Cross Validation

The test error is the average error that results from using a statistical learning method to predict the response on a new observation. For a dataset, a statistical learning method is suitable if it gives a low test error. If a test dataset is available then the test error can be calculated but its not generally the case. Training error is calculated by applying statistical learning methods to the observations used in the training. This is quite different than the test error rate and can underestimate the test error also.

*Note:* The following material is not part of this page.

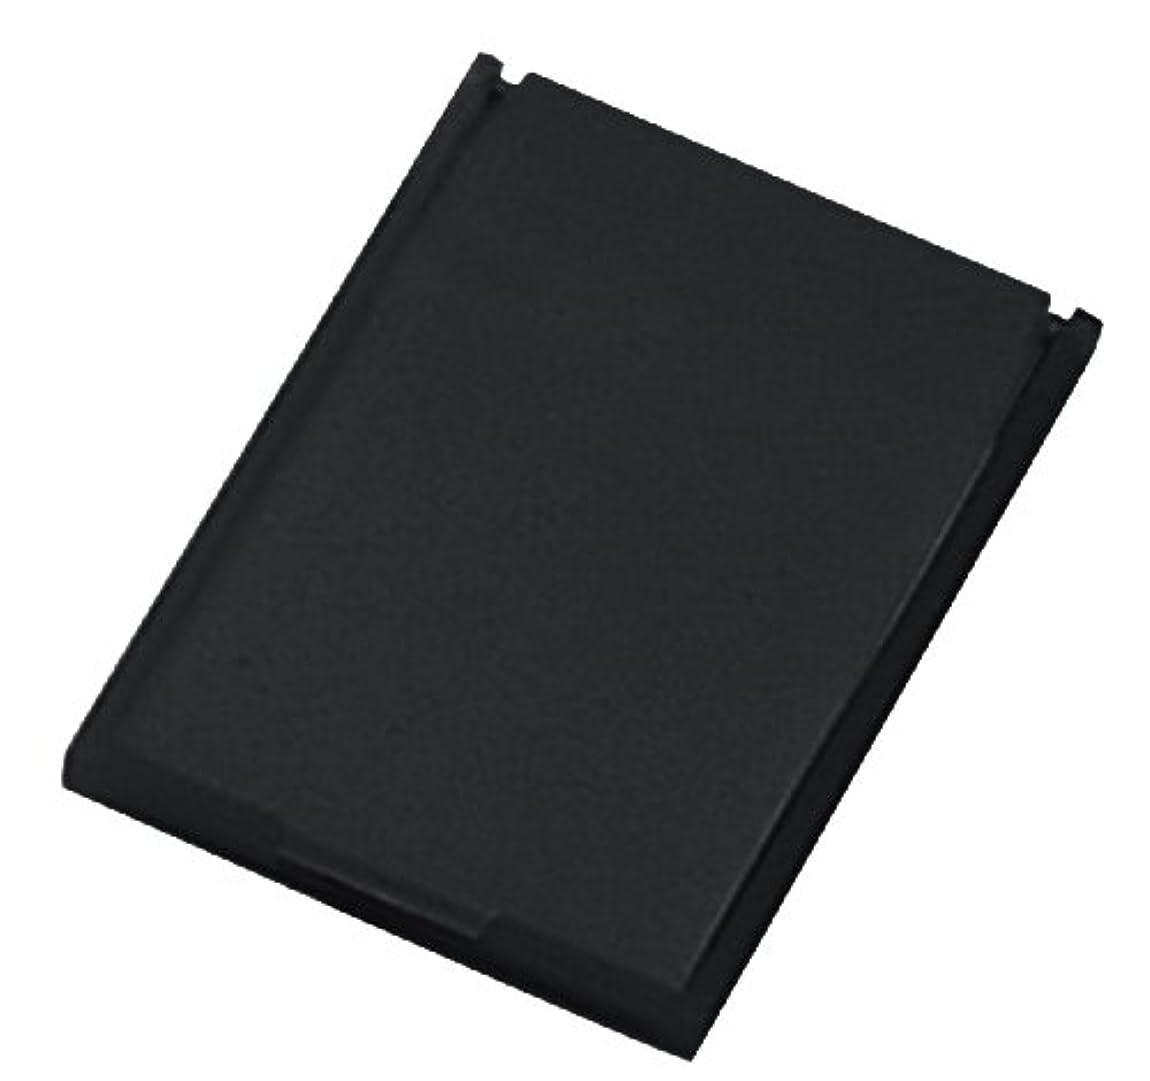 ミニコンパクトミラー 39×49㎜ ブラック YK-150

If a test dataset is unavailable then the test error rate can be found out by several ways. First some mathematical adjustments can be made to the training error rate to estimate the test error. And a subset of the training data can be kept away from model fitting and be then applied to the learning methods to get a test error.

Validation Set Approach

This method is used to estimate the test error associated with fitting a particular statistical learning method on a set of observations. It involves randomly dividing the available observations into two sets – a training set and a validation set. The training set is used to fit the model on while the fitted model is used to predict the responses for the observations in the validation set. The validation set error rate gives an estimate of the test error rate.

validation set

The division should be made so that both the subsets are of comparable sizes but it can happen in any random manner. But if the observations are divided again and again and the same learning method is used to produce the test error, then there would be some variation in the error rates produced each time.

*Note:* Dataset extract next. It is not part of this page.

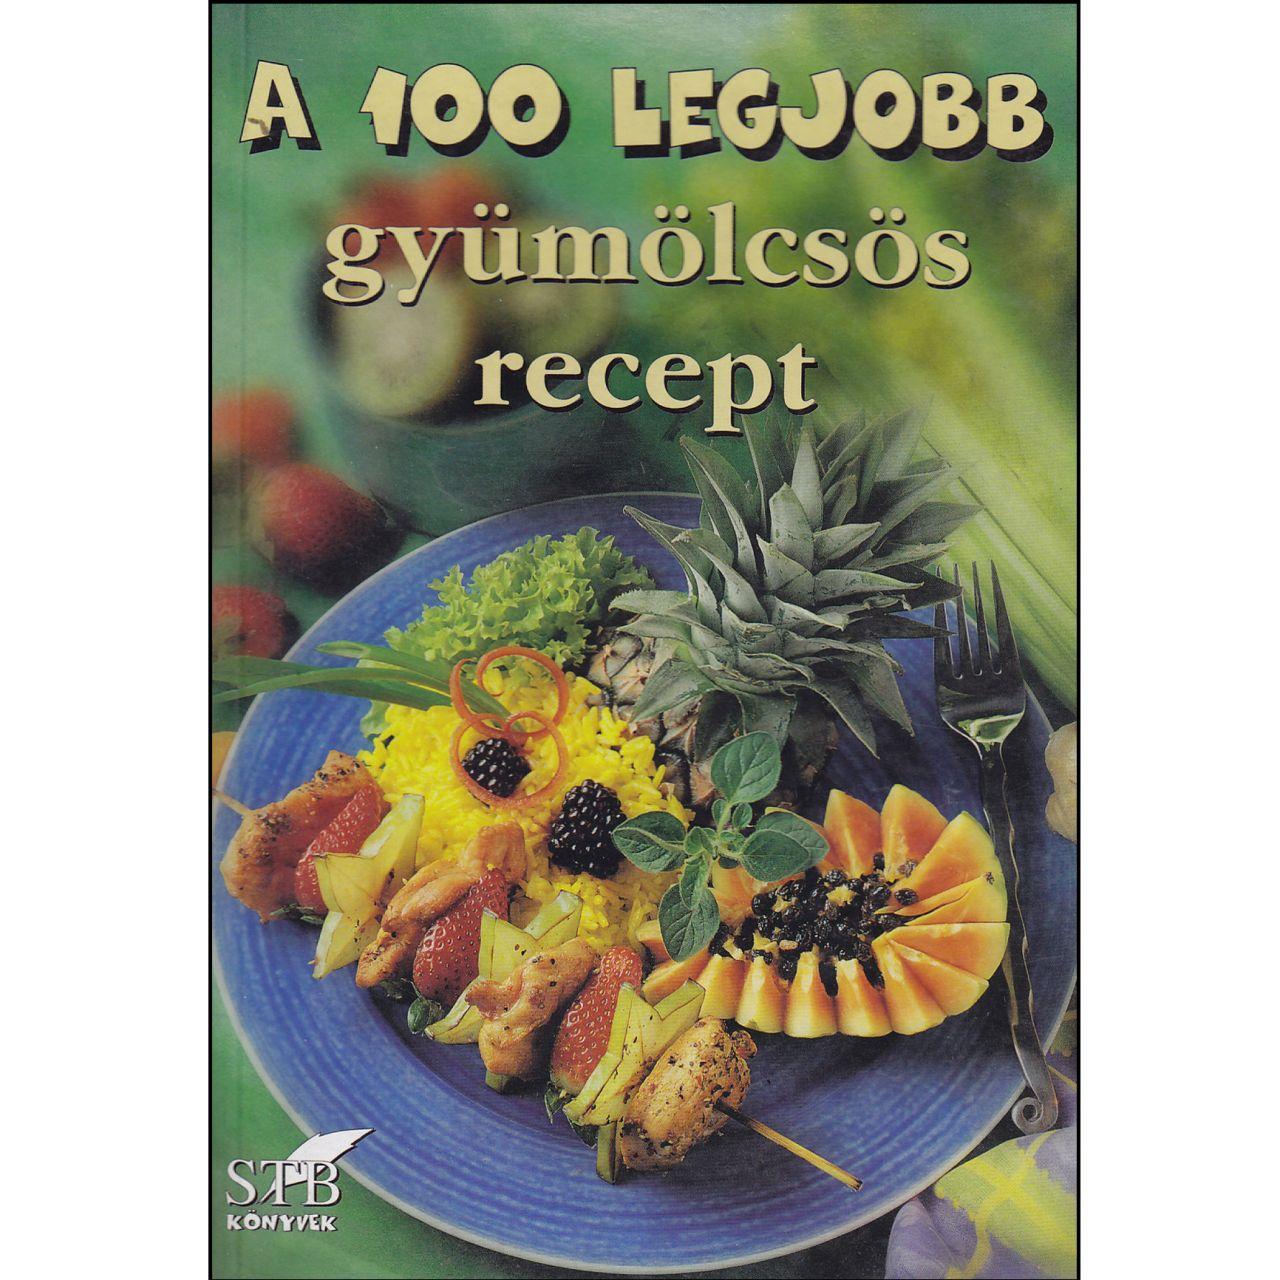 A 100 legjobb gyümölcsös recept (könyv)

Though conceptually simple and easy to implement, the validation set approach has some potential drawbacks:

The validation estimate of the test error rate can be highly variable depending on which observations are included in the training set and which observations are included in the validation set.
Some statistical methods don’t perform well with fewer observations. So when using the validation set approach on a subset of the observations, the error rate may tend to overestimate the test error rate for the model fit on the entire data set.

Leave-one-out-cross-validation

Leave-one-out-cross-validation (LOOCV) is related to the validation set approach but it attempts to address the drawbacks of the method.

Like the validation set approach, LOOCV involves splitting the set of observations into two parts. But instead of creating two subsets of comparable sizes, a single observation $(x_1,y_1)$ is used for the validation set and the remaining observations $(x_2,y_2),…,(x_n,y_n)$ make up the training set. The statistical learning method is fit on the n-1 training observations and a predictory $\hat{y_1}$ is made for the excluded observation. As $(x_1, y_1)$ was not used to fit the method, ${MSE_1}=(y_1-\hat{y_1})^2$ provides an approximately unbiased estimate for the test error. But as $MSE_1$ is based upon a single observation which is highly variable hence it is a poor estimate.

So this method can be repeated n times for the other observations one by one to produce n squared errors, $MSE_1$, $MSE_2$,…, $MSE_n$. The LOOCV estimate for the test MSE is then the average of these n test error estimates.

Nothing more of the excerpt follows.